**TASK INSTRUCTIONS:**
Your task is to reproduce exactly the lines from the one containing "Lyngby Porcelæn Ljuslykta" through the last line below, both ends included, and nothing else, with no pictures.
=== INFORMATION SUPPLIED ===
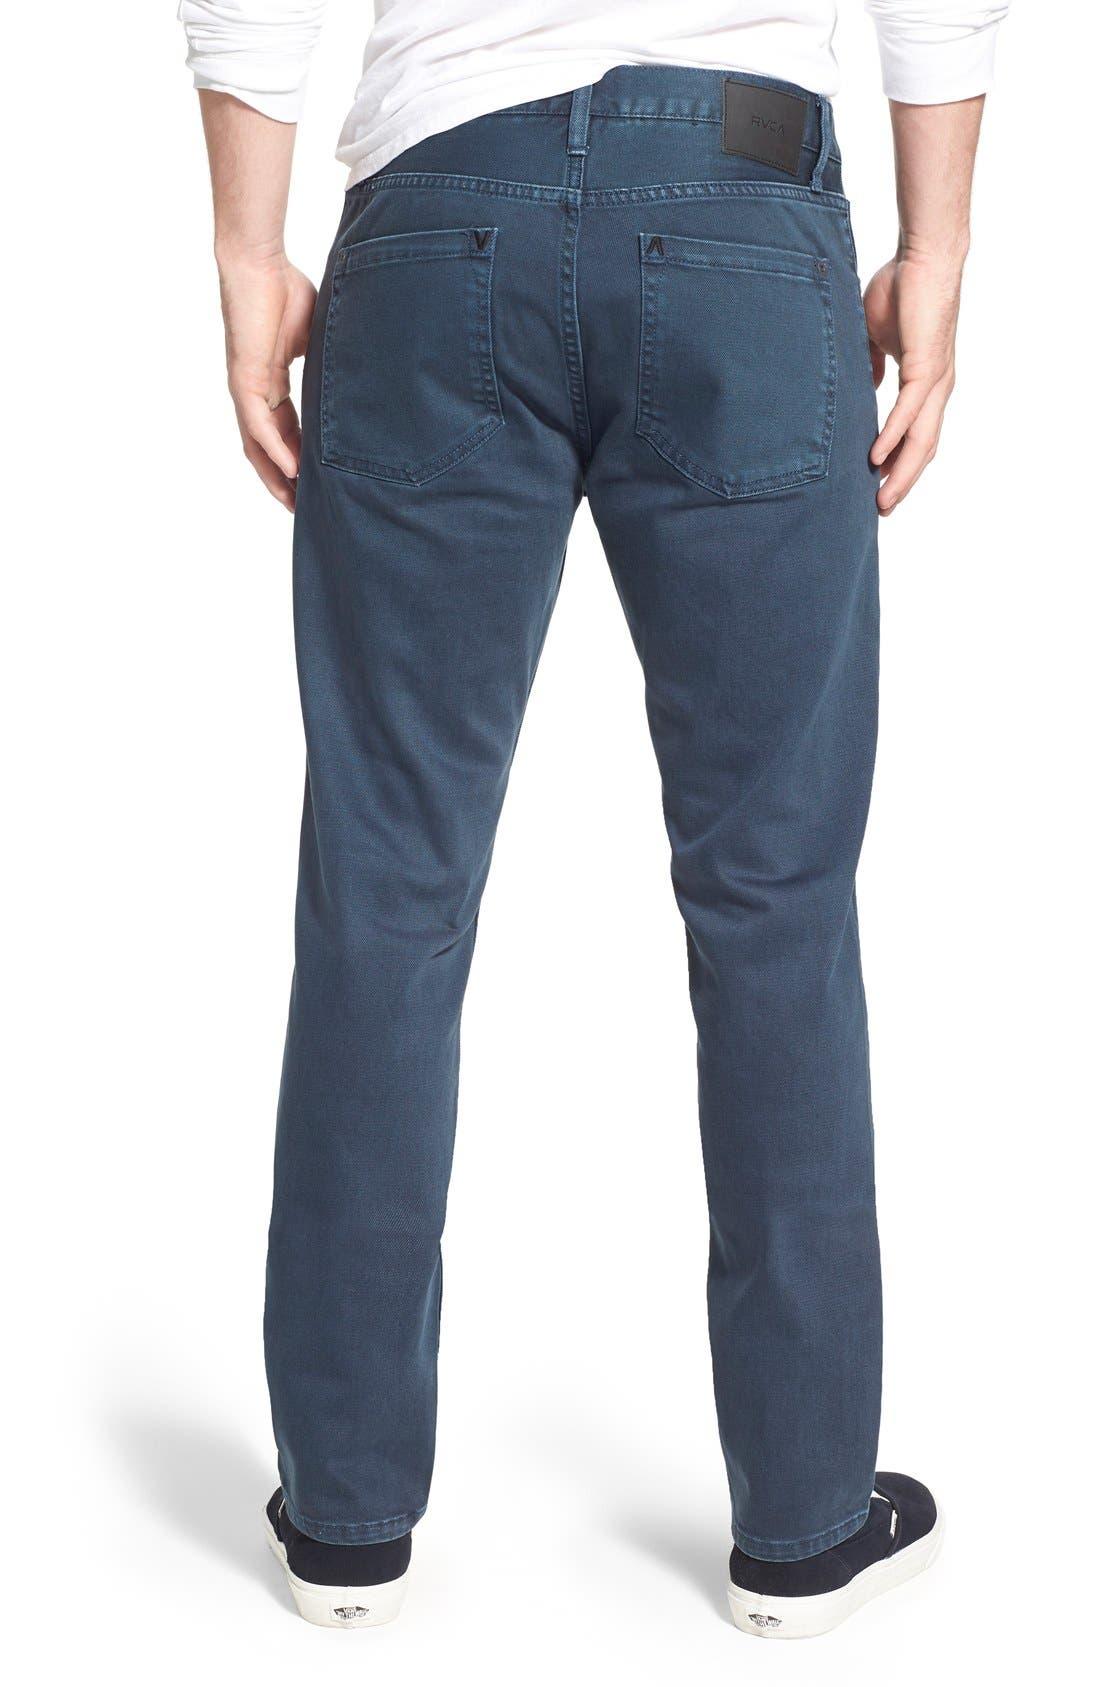 Alternate Image 2  - RVCA 'Daggers' Slim Fit Jeans (Army Drab)
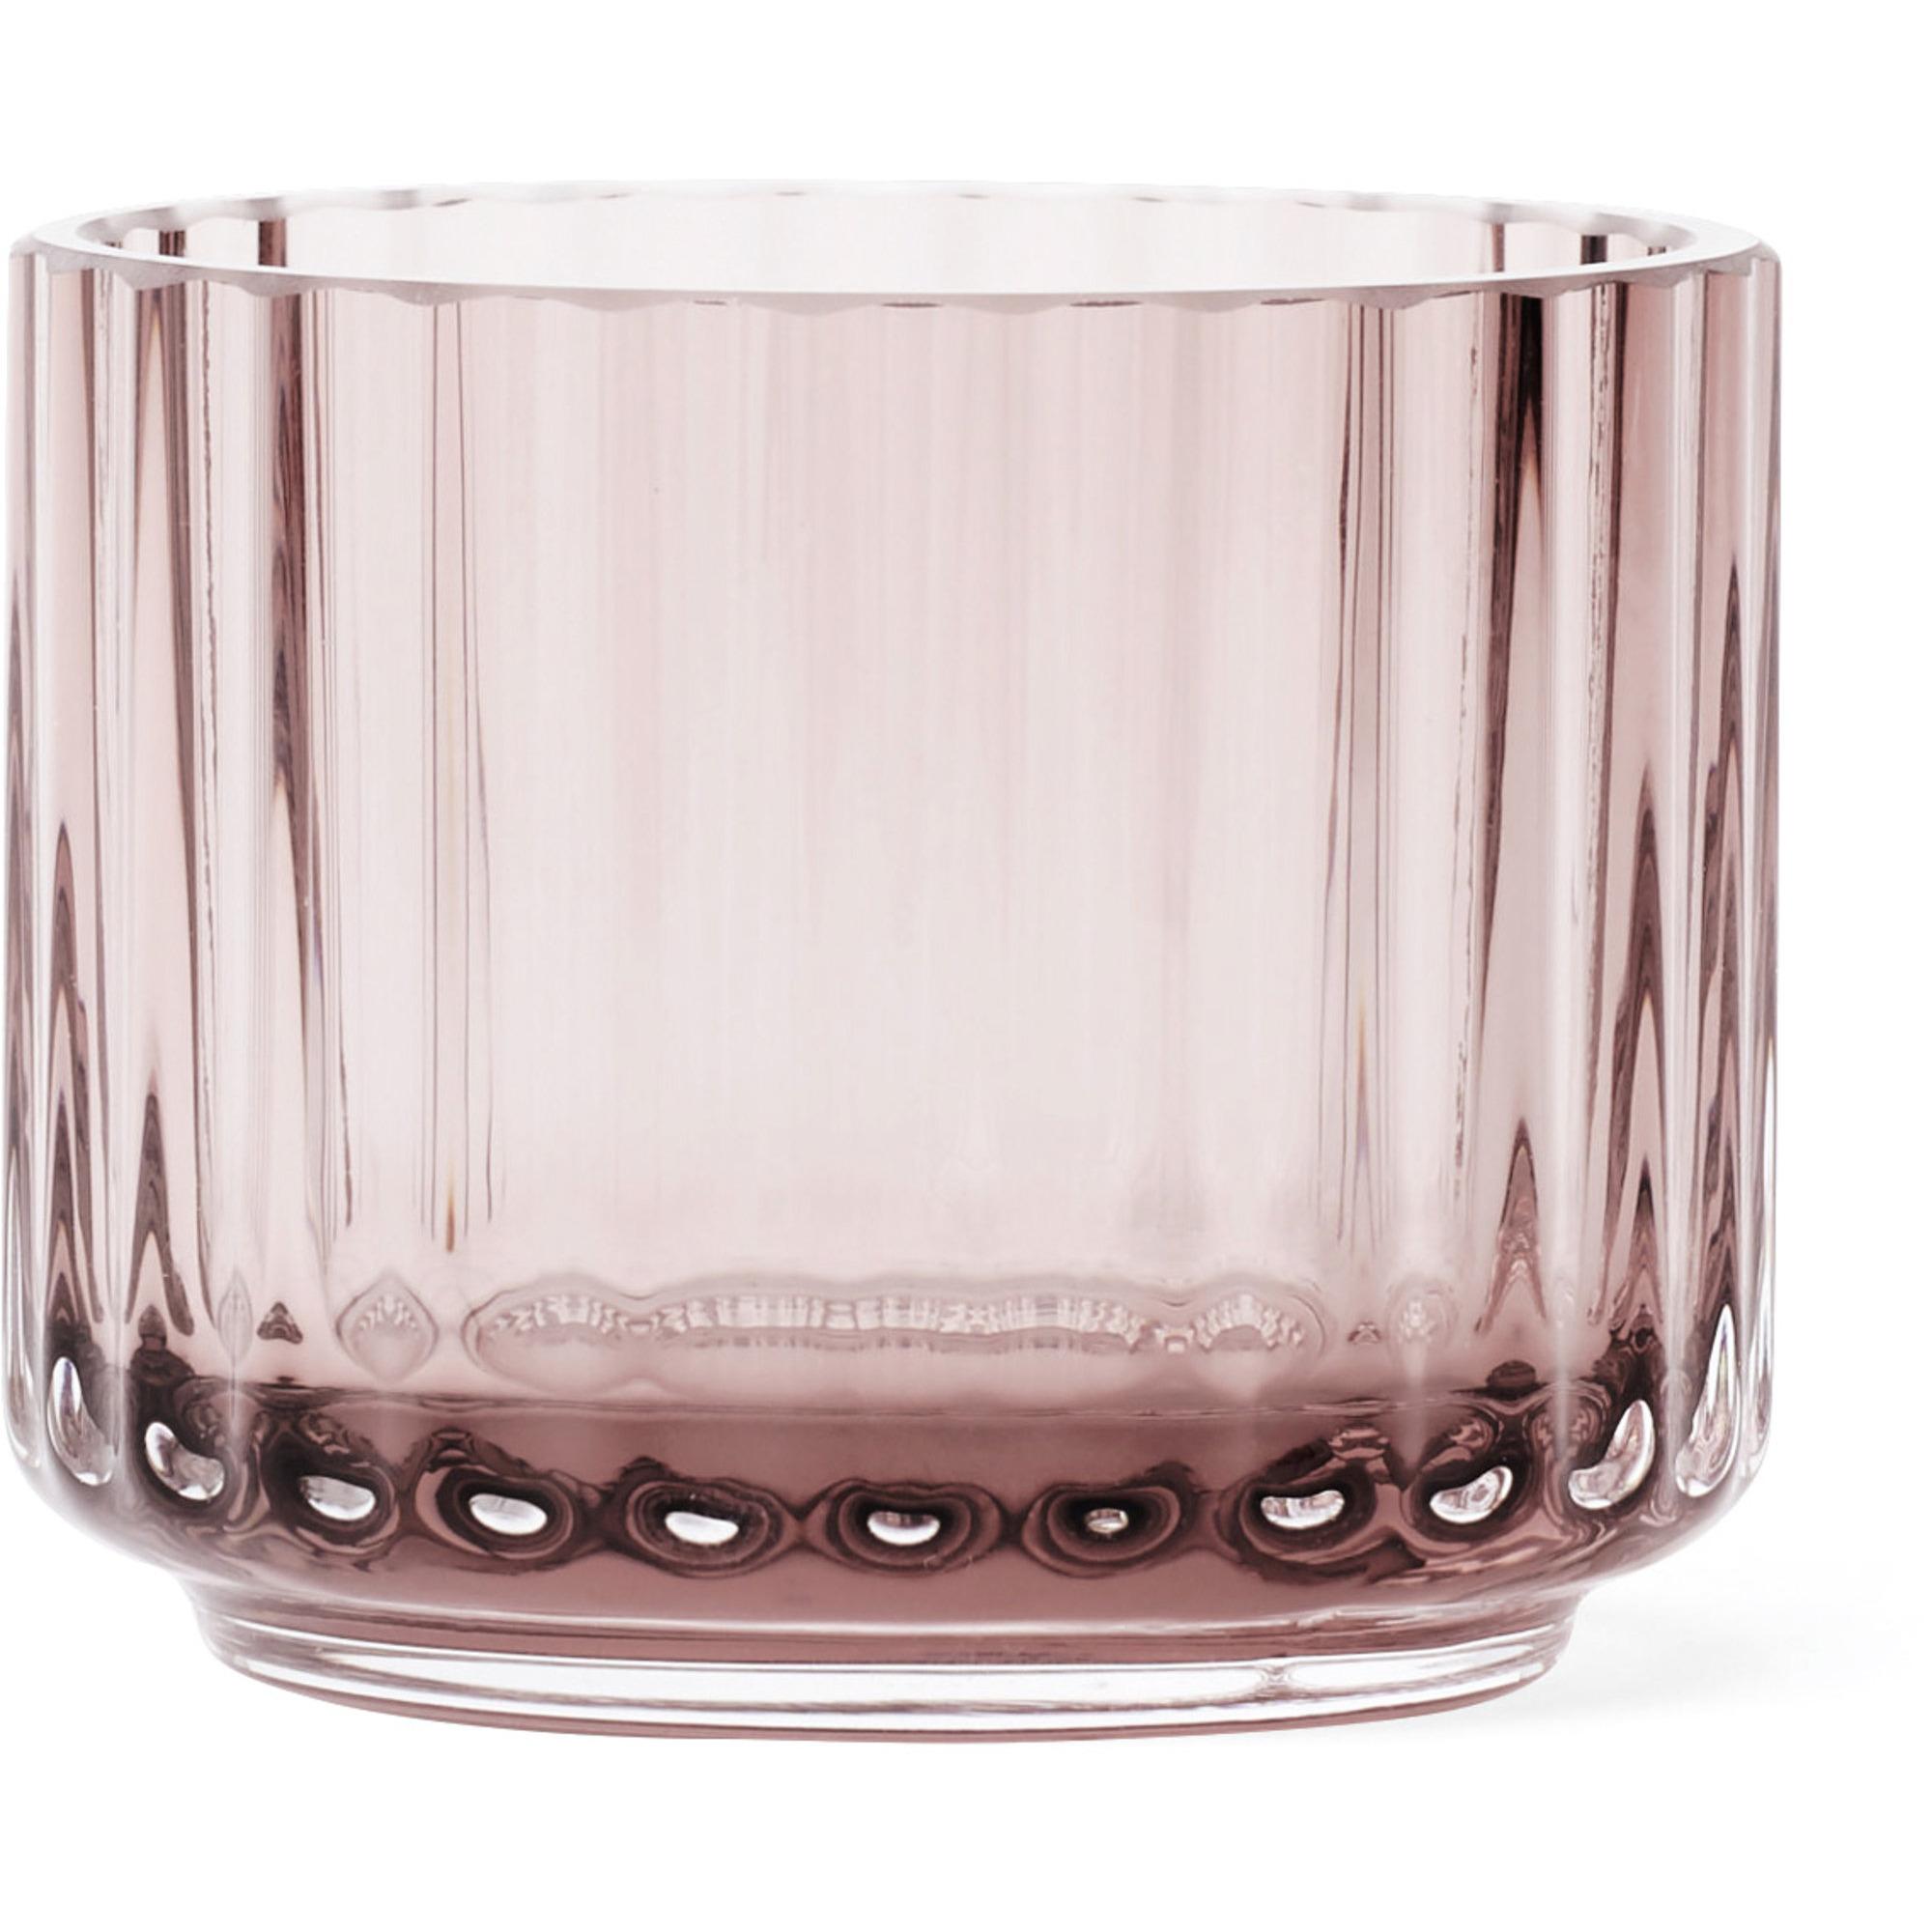 Lyngby Porcelæn Ljuslykta glas liten burgundy
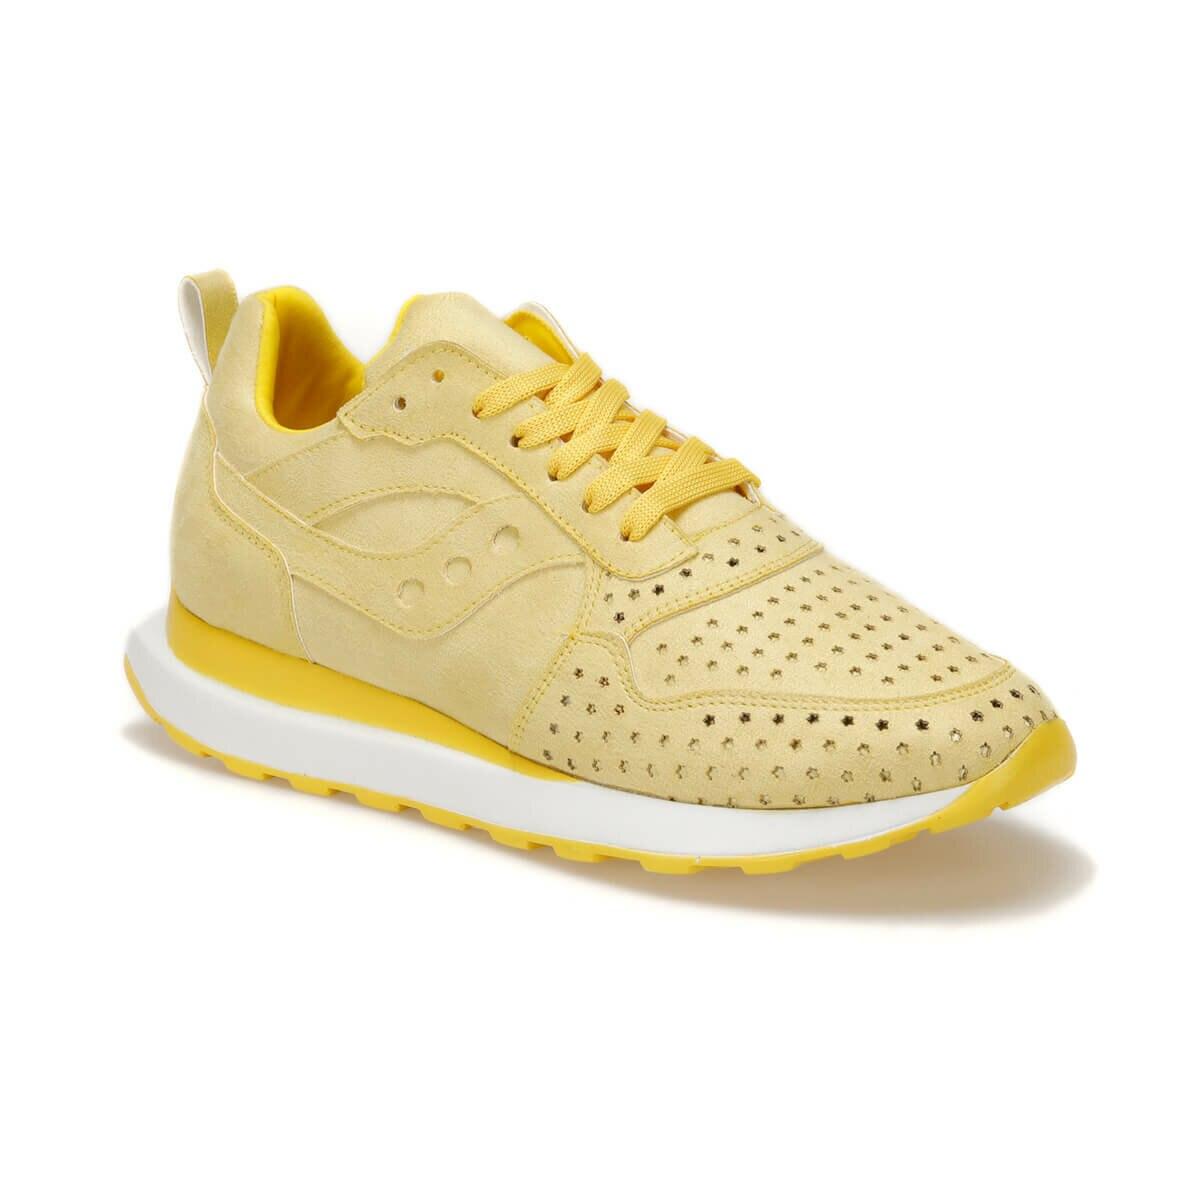 FLO CURRY51Z SUEDE Yellow Women 'S Sneaker Shoes BUTIGO
===
**OUTPUT OF THE EXERCISE:**
 Lyngby Porcelæn Ljuslykta glas liten burgundy
 FLO CURRY51Z SUEDE Yellow Women 'S Sneaker Shoes BUTIGO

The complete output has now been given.